#### Material for the task
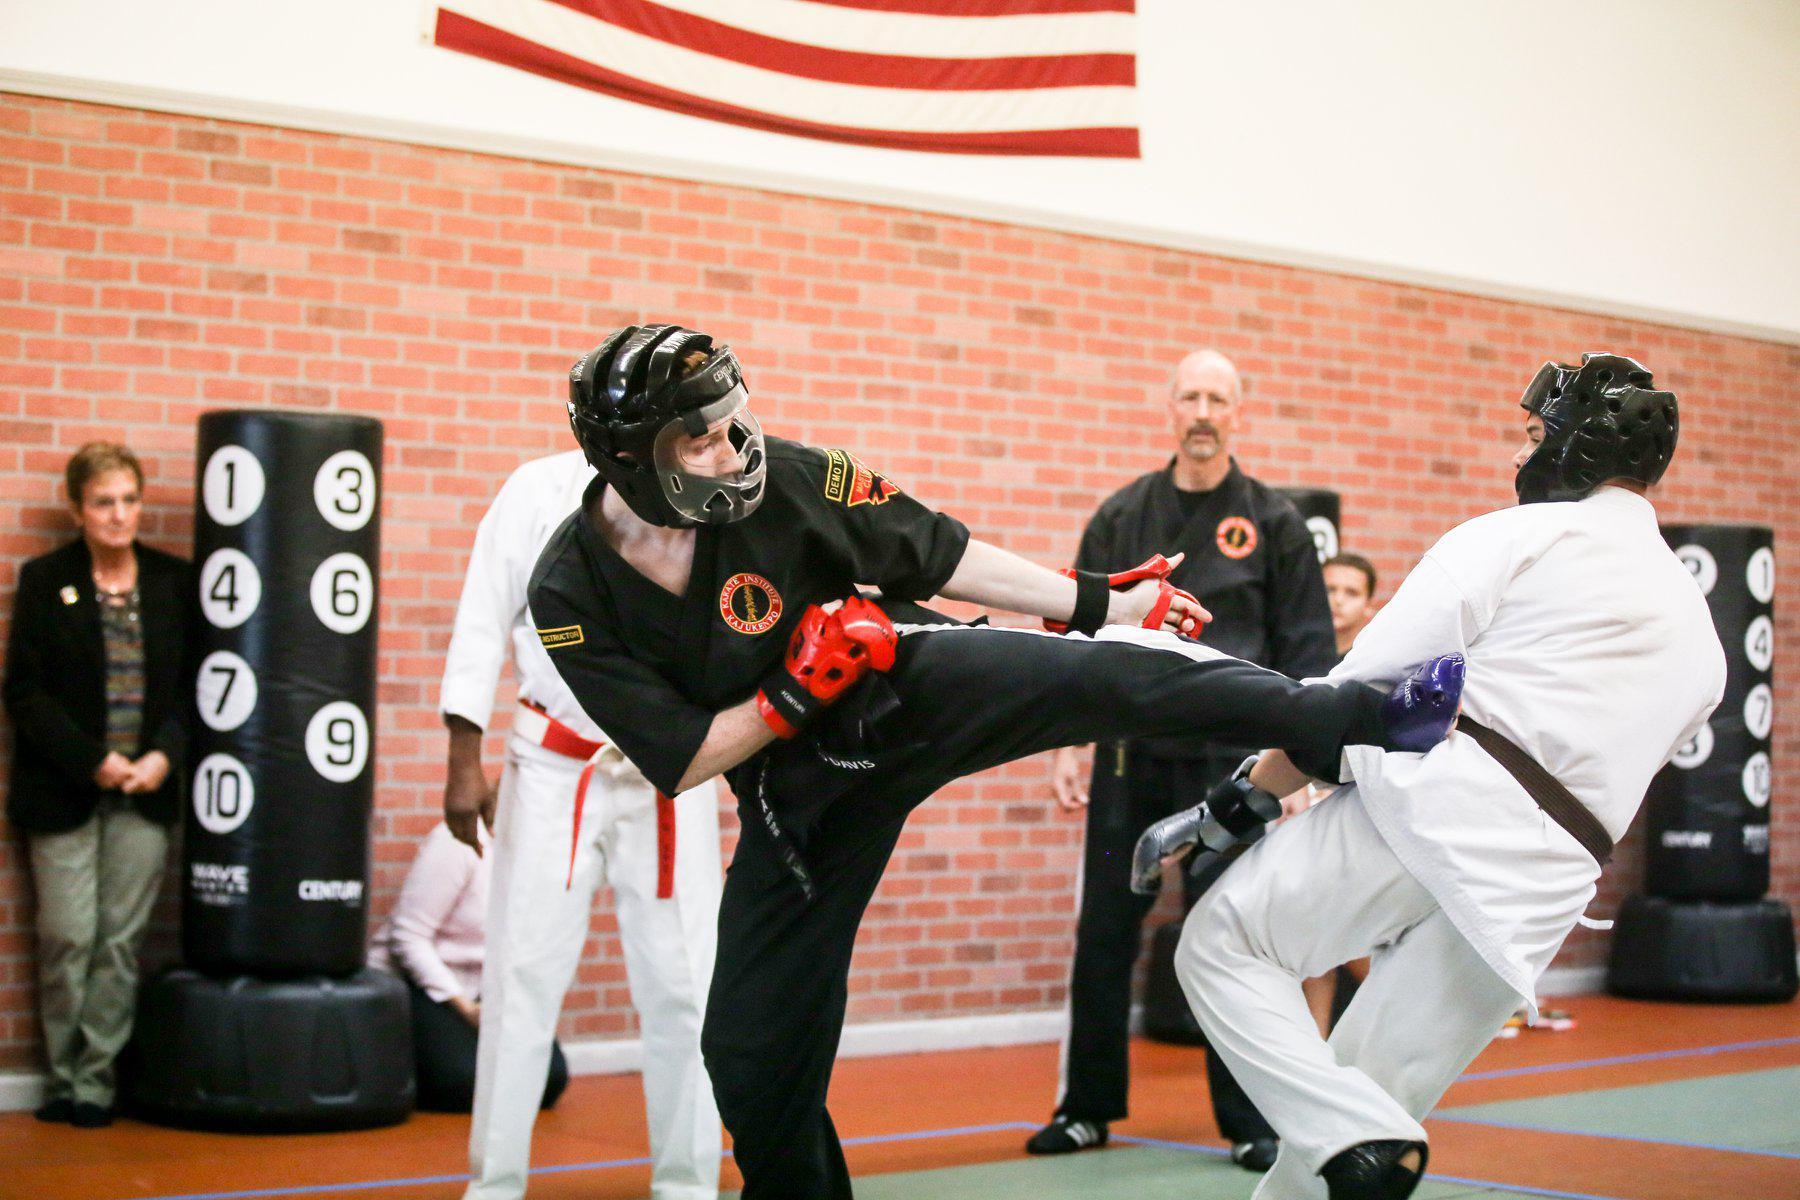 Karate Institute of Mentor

* * *

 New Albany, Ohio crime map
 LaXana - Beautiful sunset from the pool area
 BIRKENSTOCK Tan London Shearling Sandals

==

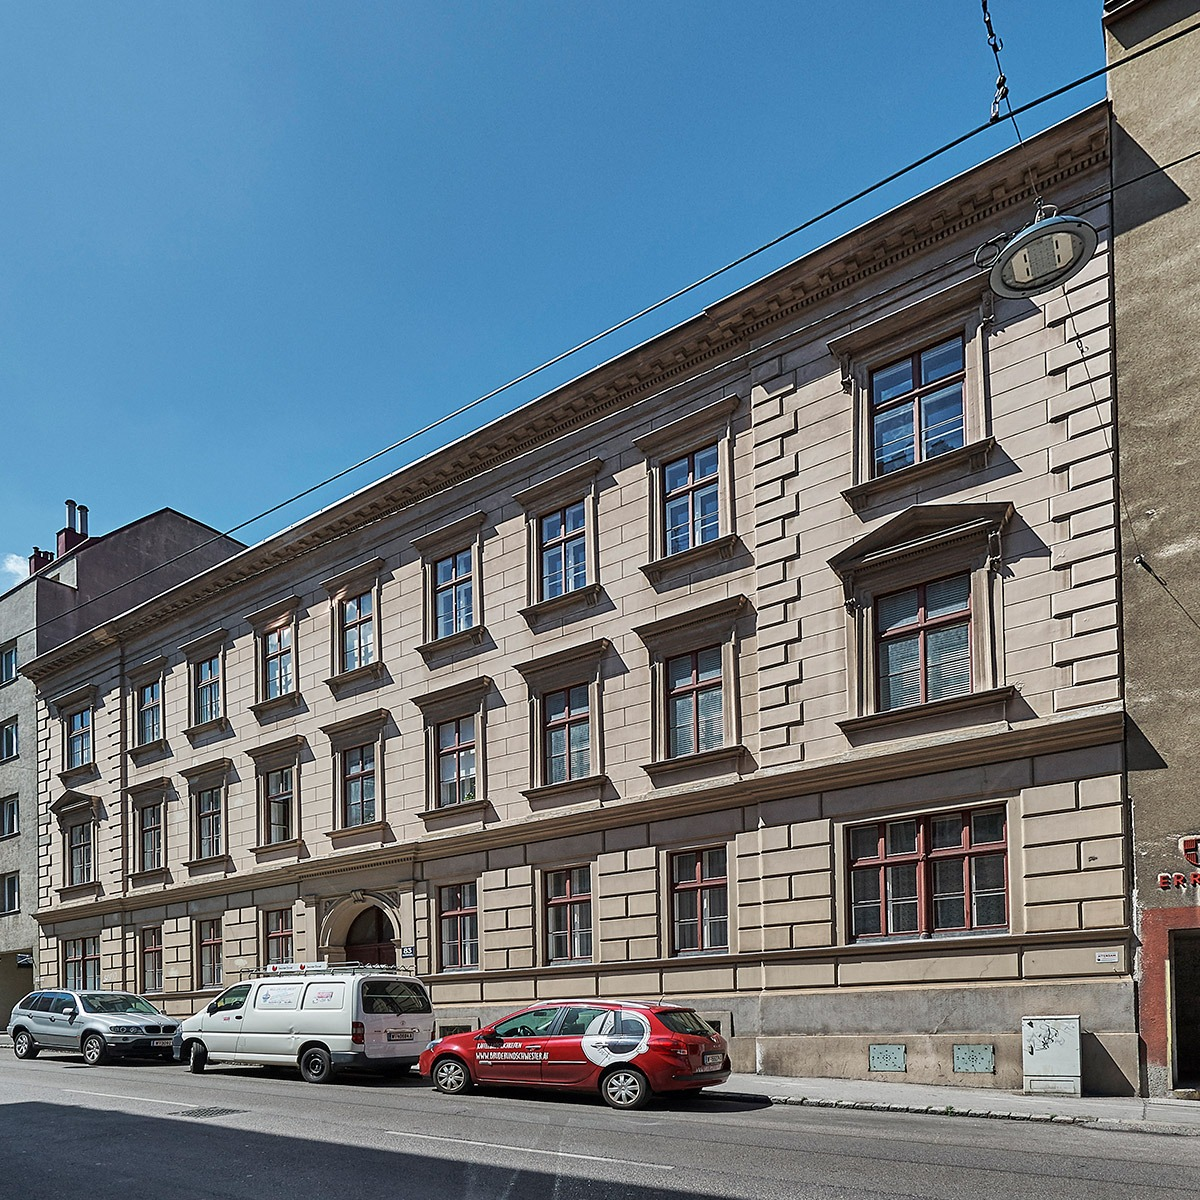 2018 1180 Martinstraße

#### Instructions for the task
Take the line above containing "LaXana - Beautiful sunset from the pool area", the line containing "BIRKENSTOCK Tan London Shearling Sandals", and all lines in between, and copy them exactly without anything else.

#### Finished task
 LaXana - Beautiful sunset from the pool area
 BIRKENSTOCK Tan London Shearling Sandals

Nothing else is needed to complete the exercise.